Before copying, set the pictures aside; then repeat every line below verbatim.
[Opening Given information section]
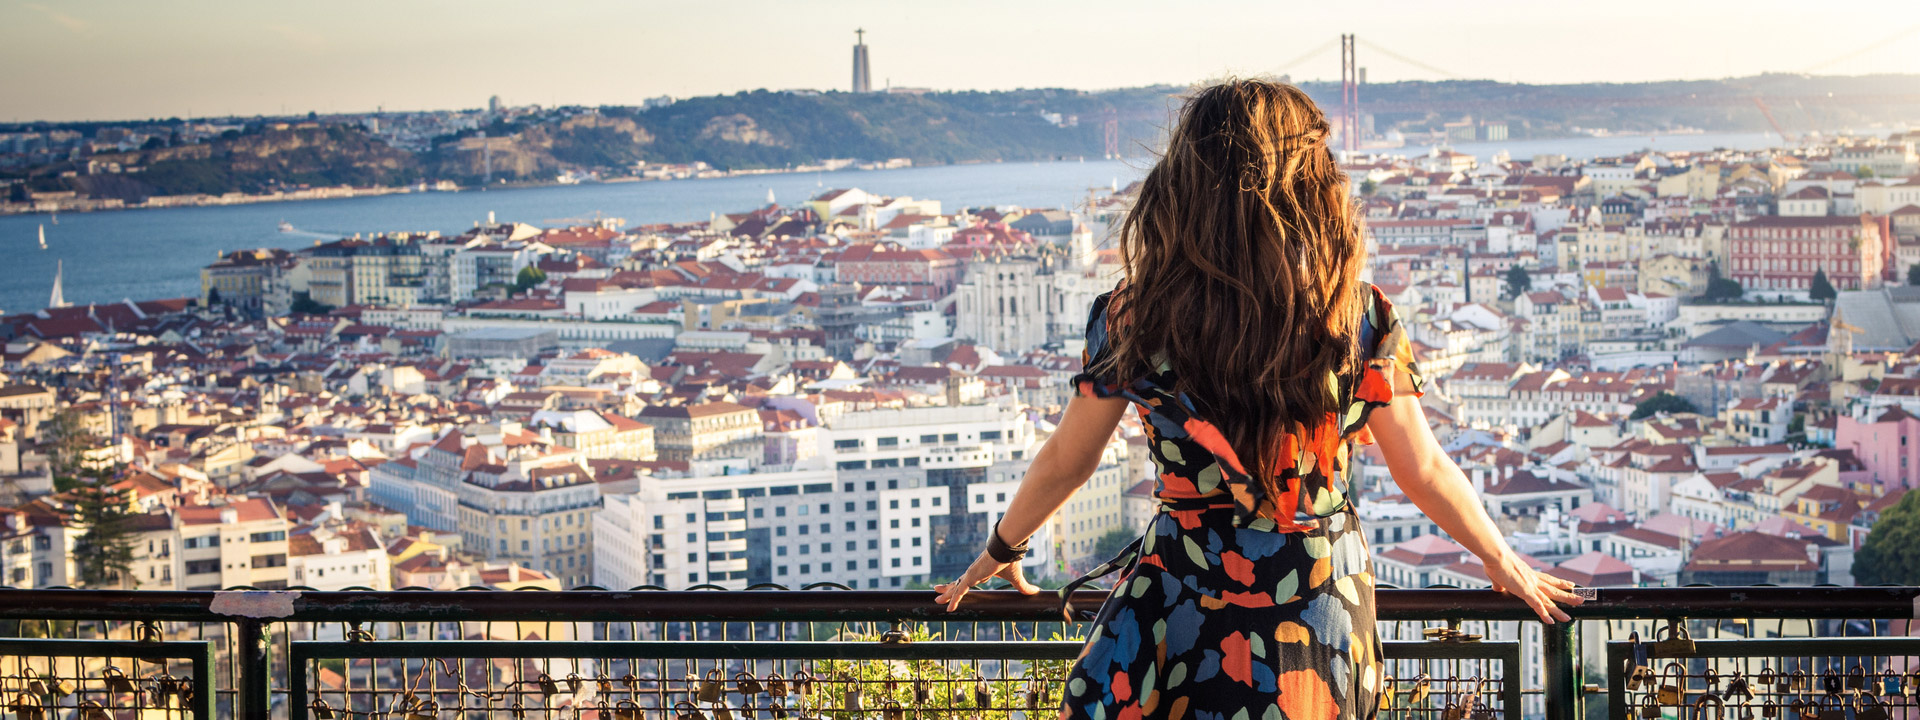 Lisbon: Europe’s Best-Kept Summer Getaway Secret
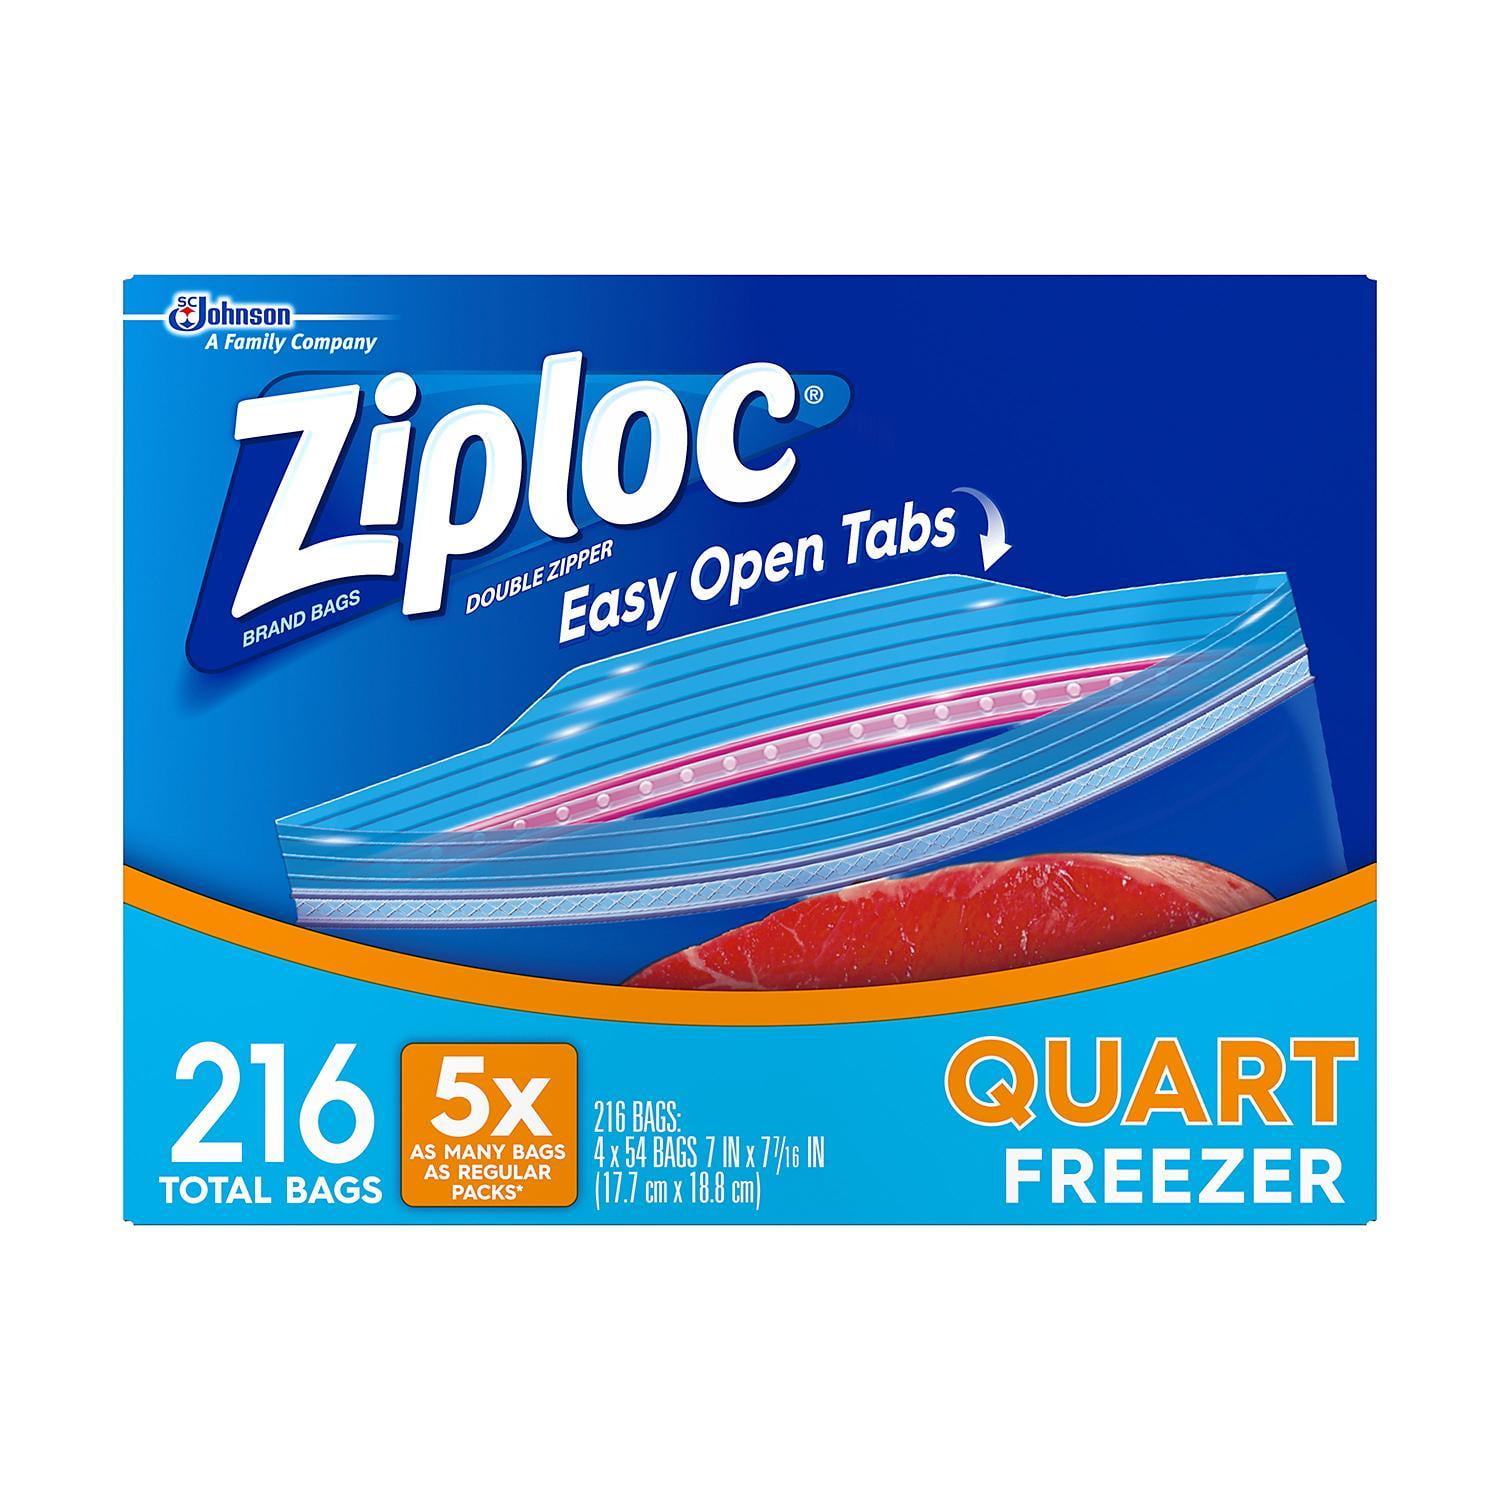 152 Ct Ziploc Easy Open Tabs Storage Gallon Ffreezer Double Zipper Bags
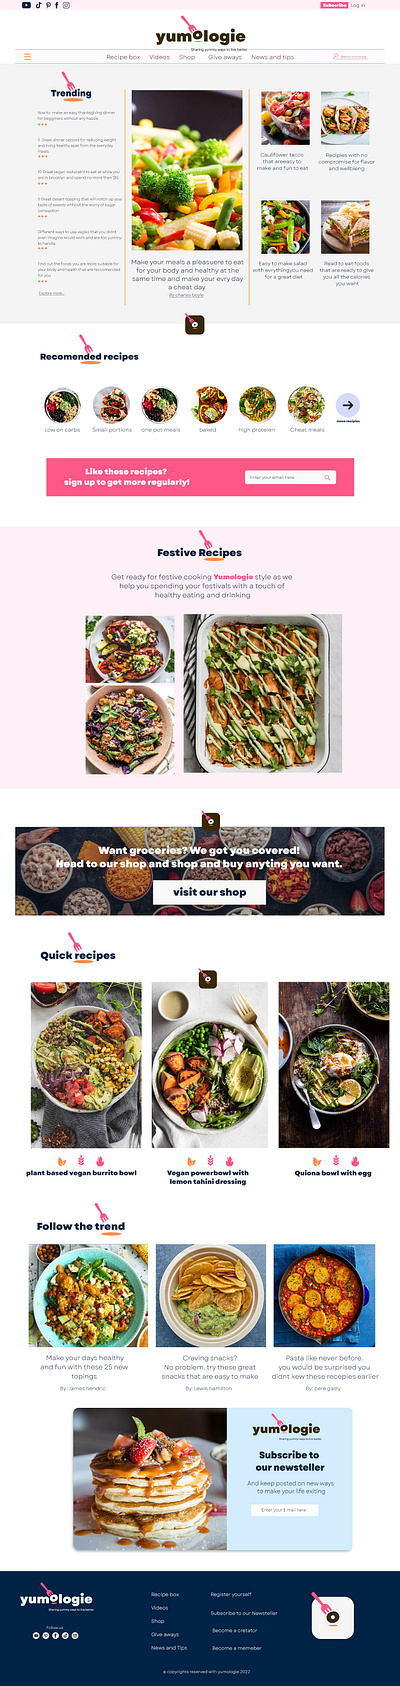 Homepage design for a food blogging website branding design graphic design ui
[Closing Given information section]
▶ Answer to the exercise
 Lisbon: Europe’s Best-Kept Summer Getaway Secret
 152 Ct Ziploc Easy Open Tabs Storage Gallon Ffreezer Double Zipper Bags
 Homepage design for a food blogging website branding design graphic design ui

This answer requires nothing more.